Results take 24 hours and Lima hoped hers may clear her for spending more time with family, including a two-month-old grandson. “Having that information is very good,” she said.
The municipality of Cascais hopes to conduct 5,000 tests per week in a deal with pharmaceutical firm Roche. Each test costs five euros ($5.45) and is paid for by the municipality and several patrons, said Cascais’ deputy mayor Miguel Pinto Luz.
“These kind of initiatives also increase people’s confidence, which is needed now we are trying to restart the economy,” said Pinto Luz before himself being tested.

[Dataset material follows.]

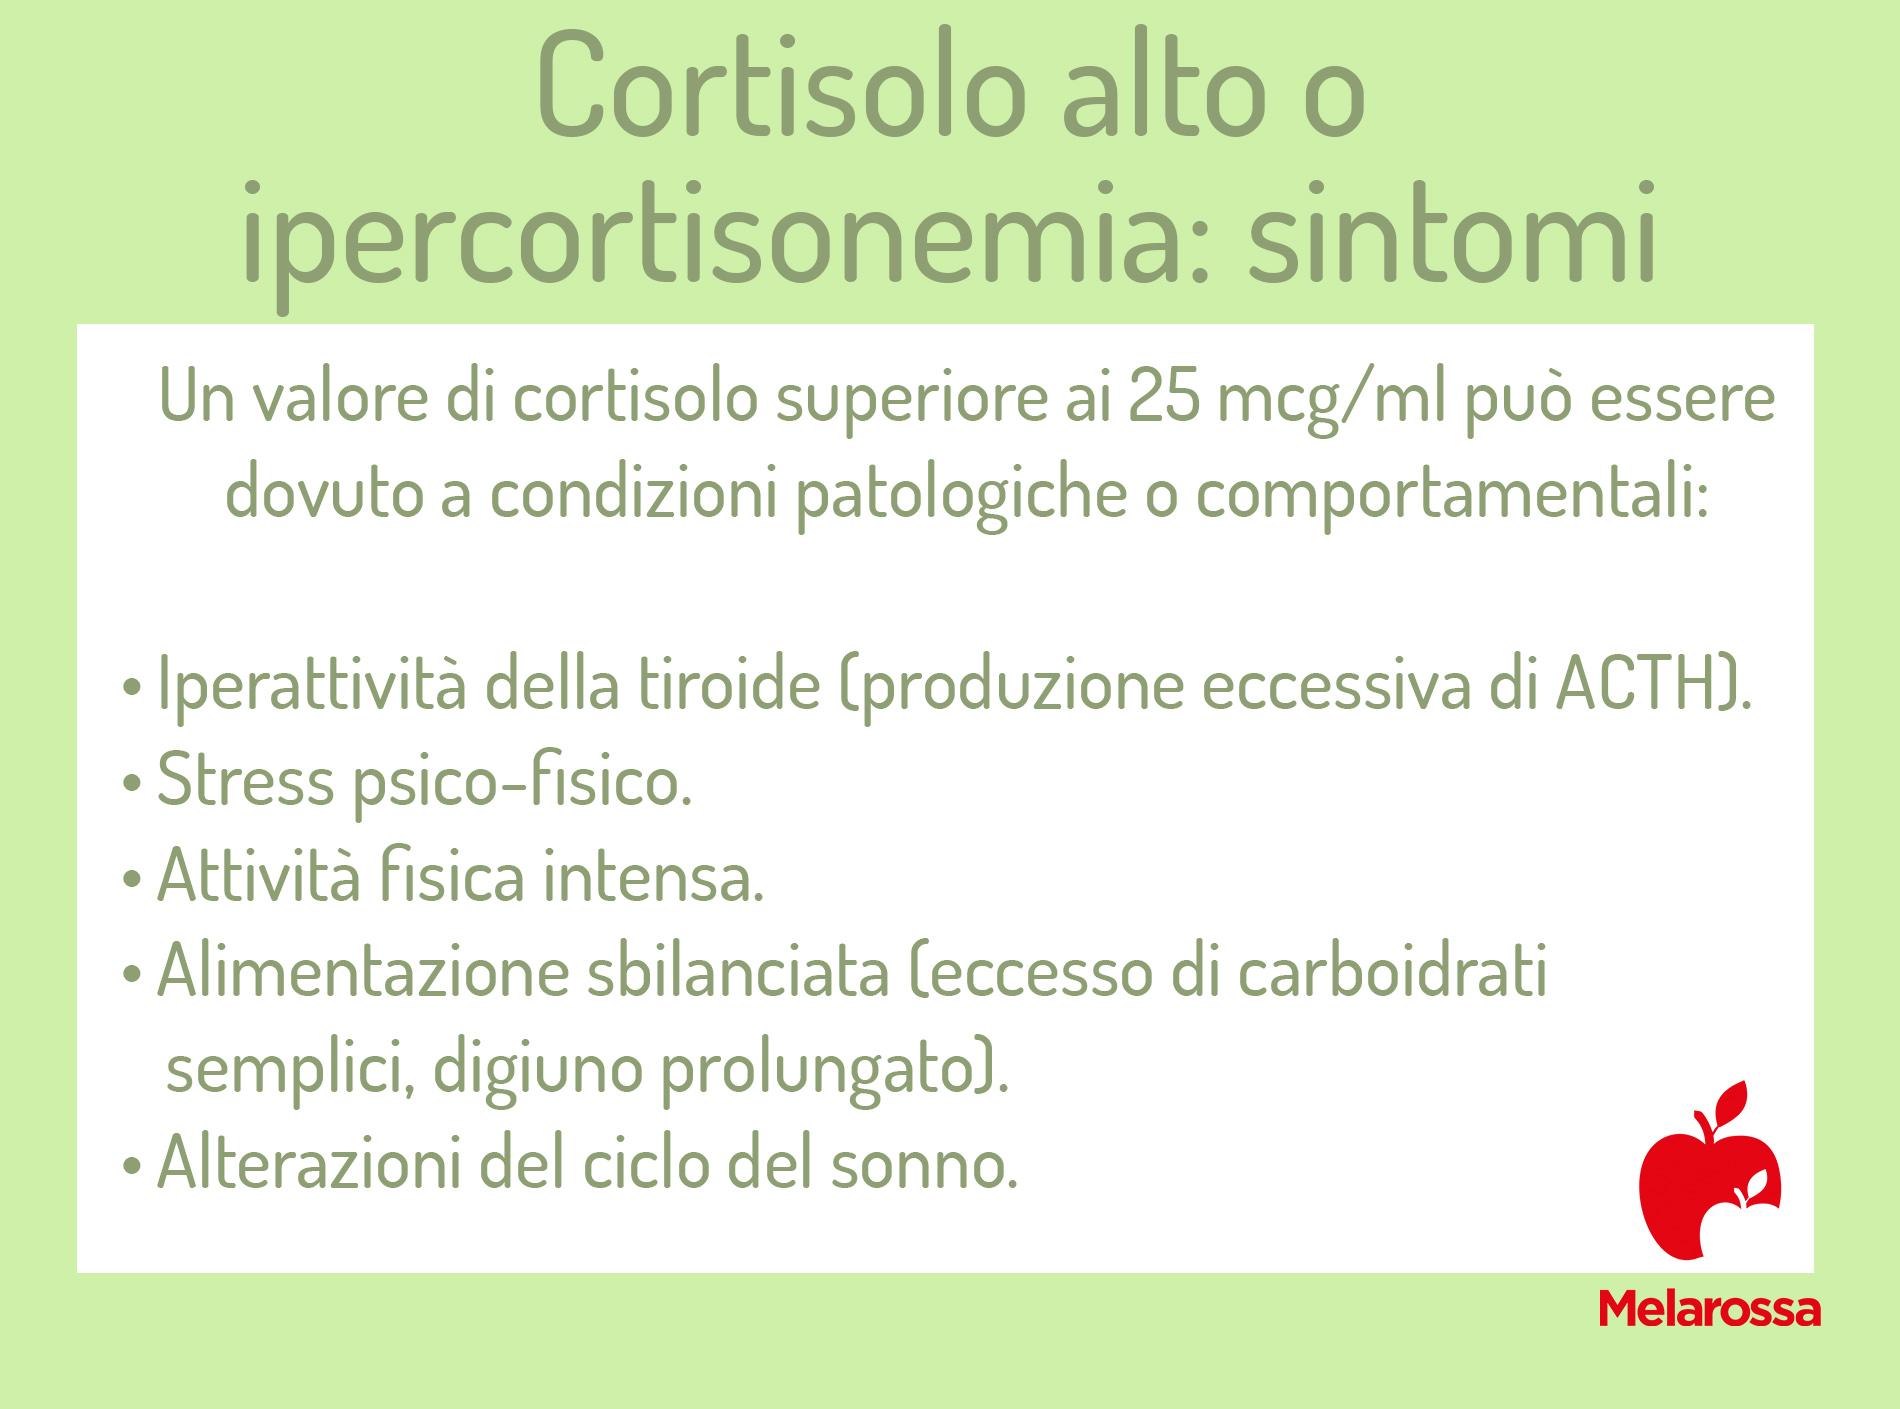 Cortisolo alto: sintomi

Mass antibody testing is being considered by many countries to speed reopening of economies.
Portugal, which so far has nearly 30,000 cases and 1,277 deaths, is slowly easing restrictions from a mid-March lockdown.
Although the tests show who has been infected by COVID-19, it is not yet clear whether the presence of antibodies confers permanent immunity.
Retiree Jose Ferreira, 79, will book an appointment to do his free test but has doubts.
“Experts say the test itself can give us an idea but not exactly whether we are immune or not,” the 79-year-old said as he walked by one of Cascais’ beaches.
“I hope it goes well, for the benefit of all.”
To coax people back outside safely, Cascais has come up with initiatives including a carefully-controlled food fair, free buses, vending machines for masks and geometrical figures on grass to help sunbathers and picnickers keep apart.
“We miss being outside,” said 33-year-old Gabriela Ferreira at a park. “Here we feel safe and can still have fun.”